Örneğin; Zeydan Karalar, Adana’da mahalle kültürü olarak bildiğimiz, Adana’nın çamurlu, tozlu sokaklarında, sarı sıcağında uçurtma uçurtmuş, top oynamış, sapanla kuş vurarak büyümüş biri.

Bunlar kendisi için bir artı.

Çünkü Adana’yı, Adanalı seçmeni iyi biliyor.

Bir kahvehanede oturup, vatandaşla hoşkin oynuyor.

İnsanların nabzına göre şerbet veriyor.

Kendisine karşı olanları yanına yaklaştırmıyor.

Her şey detaylarda gizlidir.

Kendisiyle ilgili karşı tarafın kullanacağı doneleri vermiyor.

Tabi kendi içindeki rakiplerini de unutmuyor.

Onları da bir şekilde dengeliyor.

5 yıl boyunca doğru düzgün iş yapmayan, sivrisinekle mücadele edemeyen, hukuki ve kriminal olaylarla anılan, vatandaşı seçim öncesi azarlayan, daha öncesinde yumruklayan agresif bir belediye başkan adayına rağmen Cumhur İttifakı, Adana’da kan kaybettiyse, sorumlular ‘bizim hatamız yok’ deyip kenara çekilmemeli.
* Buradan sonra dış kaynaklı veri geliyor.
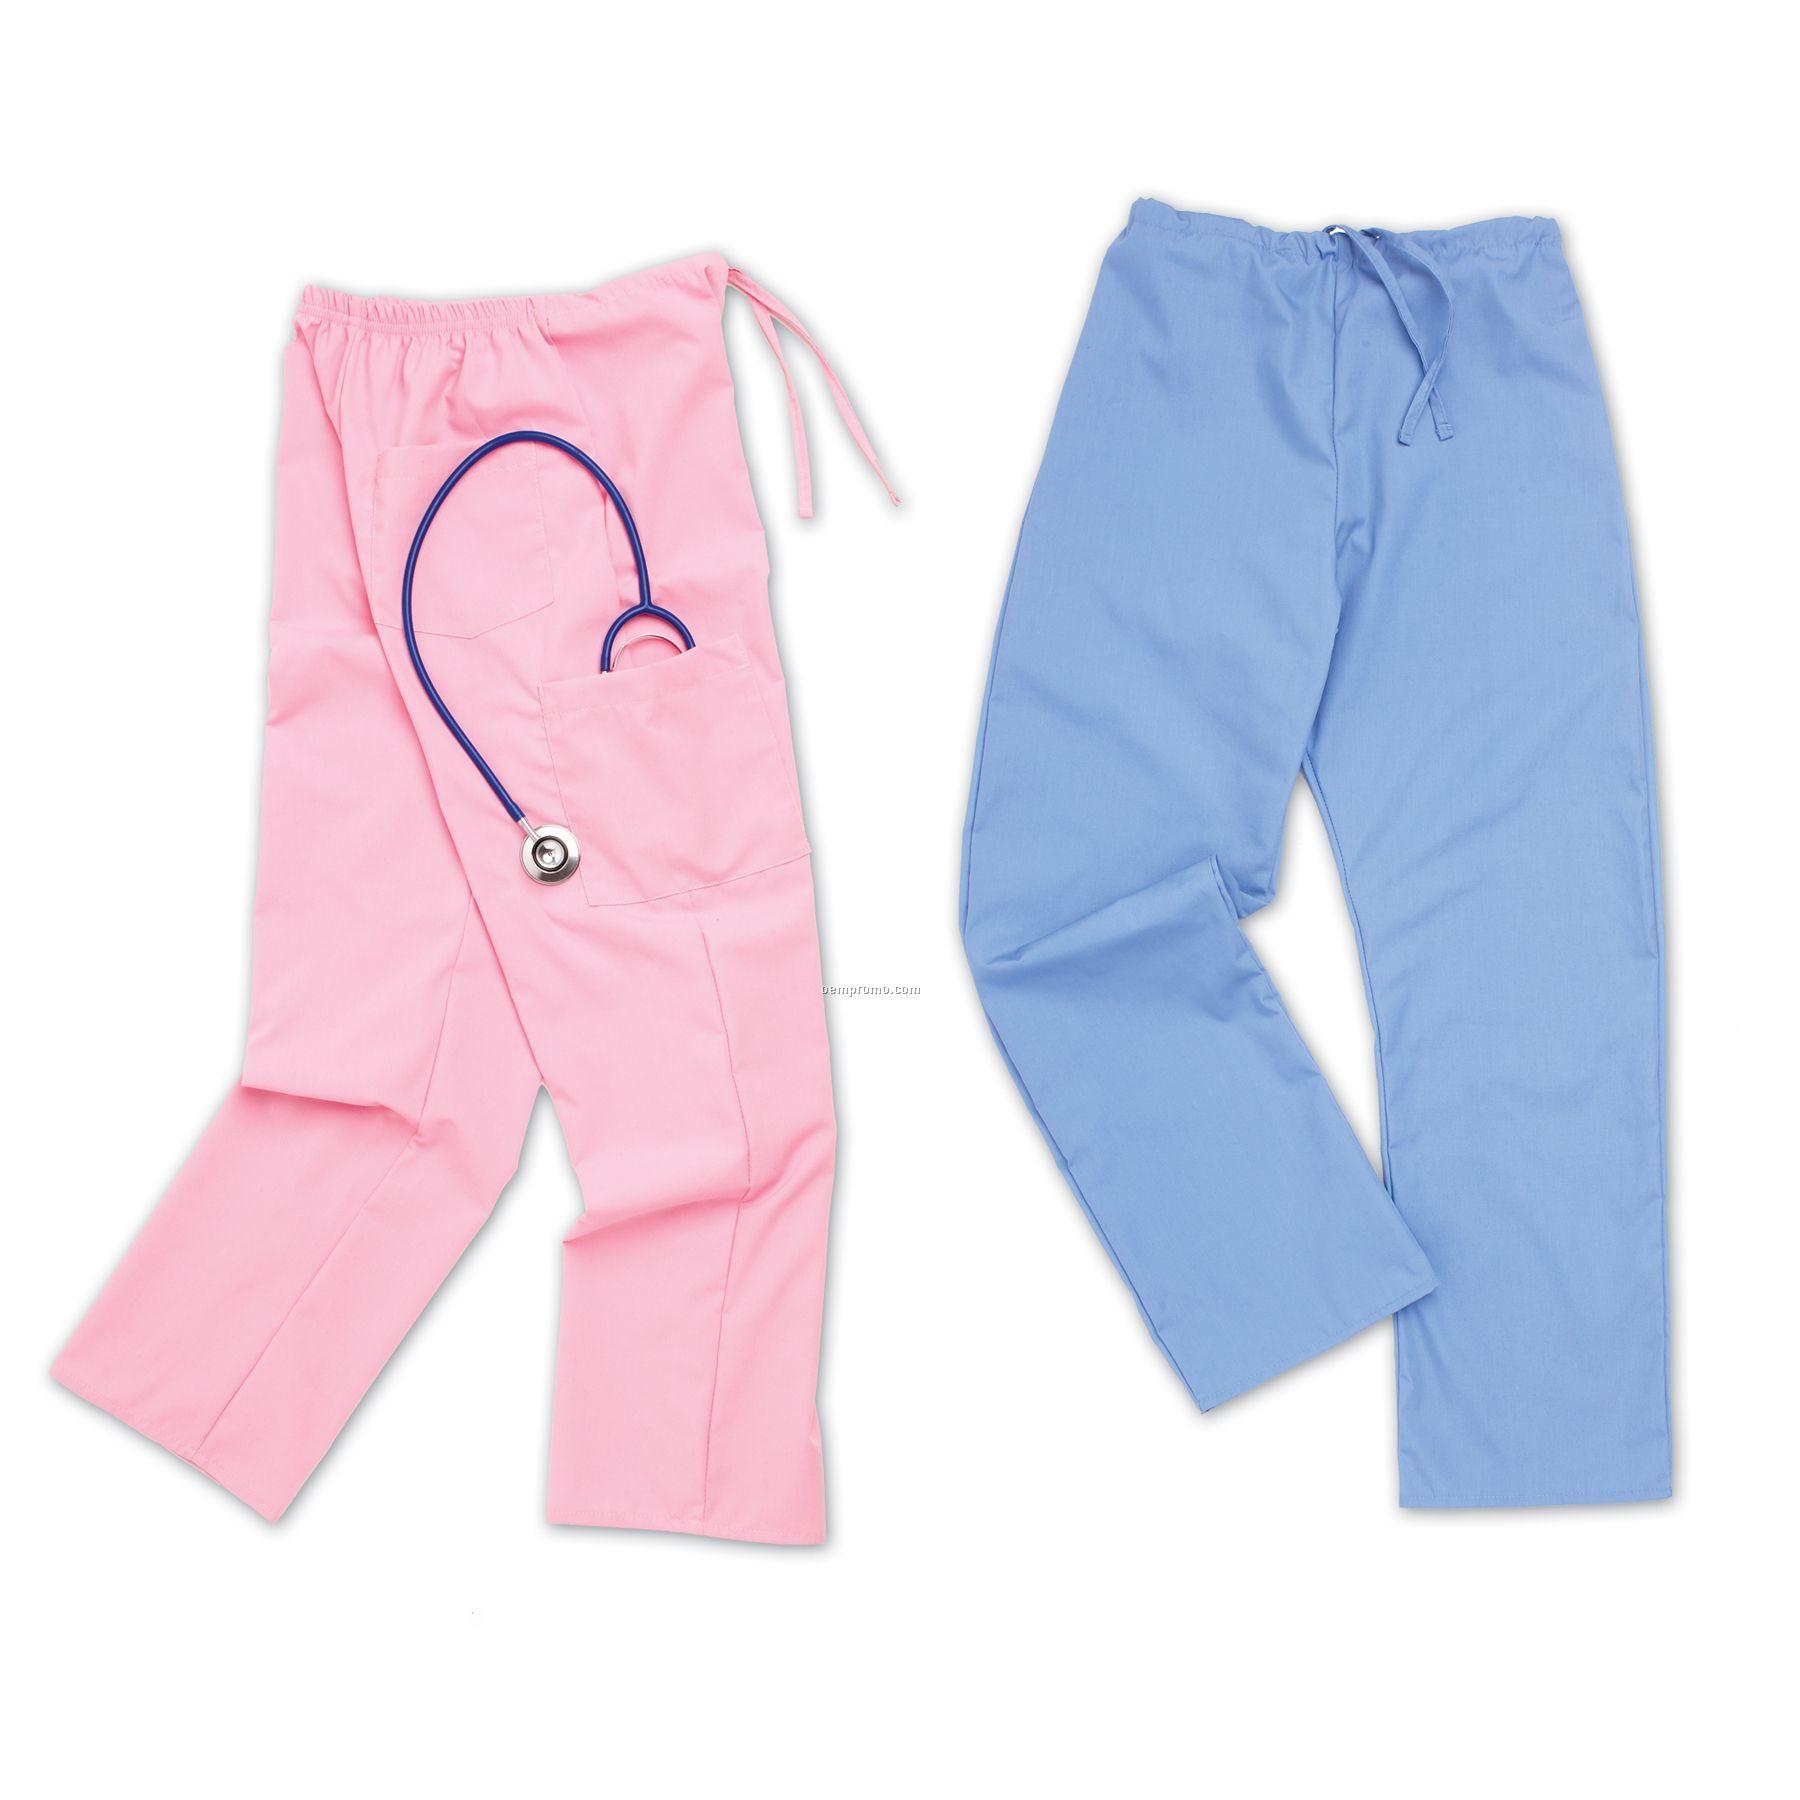 Solid Color Scrub Wear Drawstring Pants (S-xl)

Yıllarca partiye gönül vermiş, neredeyse her kademesinde çalışmış bir siyasetçinin, hakkı değil miydi bir başkan adaylığı, meclis üyeliği adaylığı…

Yağmur çamur, sıcak demeden kapı kapı gezip, onca yıl oy toplamaya çalışanların hakkı değil miydi?


Adana’da, AK Parti aristokratlaştırıldı.

Evet, oldukça zenginlerin yaşadığı şehirlerden biri Adana’da yıllarca seçimlerin sonucunu; çalışan, emekçi kesim belirledi.

Bu tezatlığın farkına varmak gerekirdi.

Adaylar belirlendi, ertesi gün meydanlara çıkıldı.

Fakat en önemlisi; ekiplerin önceden kurulmuş olması, gençlik ve kadın kollarının daha aktif hale getirilmesiydi.

Ne yazık ki, tam anlamıyla bir koordinasyonun da sağlanmaması sonuca yansıdı.

Dem Parti, İyi Parti, teşkilatlar, adaylar, bakanlar, partide ihraçlar, istifalar, küskünler, sandığa gitmeyenler, emekliler derken sonuç kırmızı bir tablo.

Bir silsile halinde birbirini tetikledi.

Unutmadan, FETÖ’den yargılanıp hüküm giyenlerin programlarından 3-5 oy gelir umudu da bu sonucun ayrı bir dikkat çekici unsuruydu.

Halbuki programına konuk oldukların bile sana oy vermediği aşikar.

Ve tabi anketler…

Anketler de seçmen üzerinde yol gösterici oldu.

Ama en önemlisi de kararsız ve oy kullanmayan seçmeni ikna etmekti.

Kaybedilen yerel seçimlerin nedenleri iyi irdelenmeli.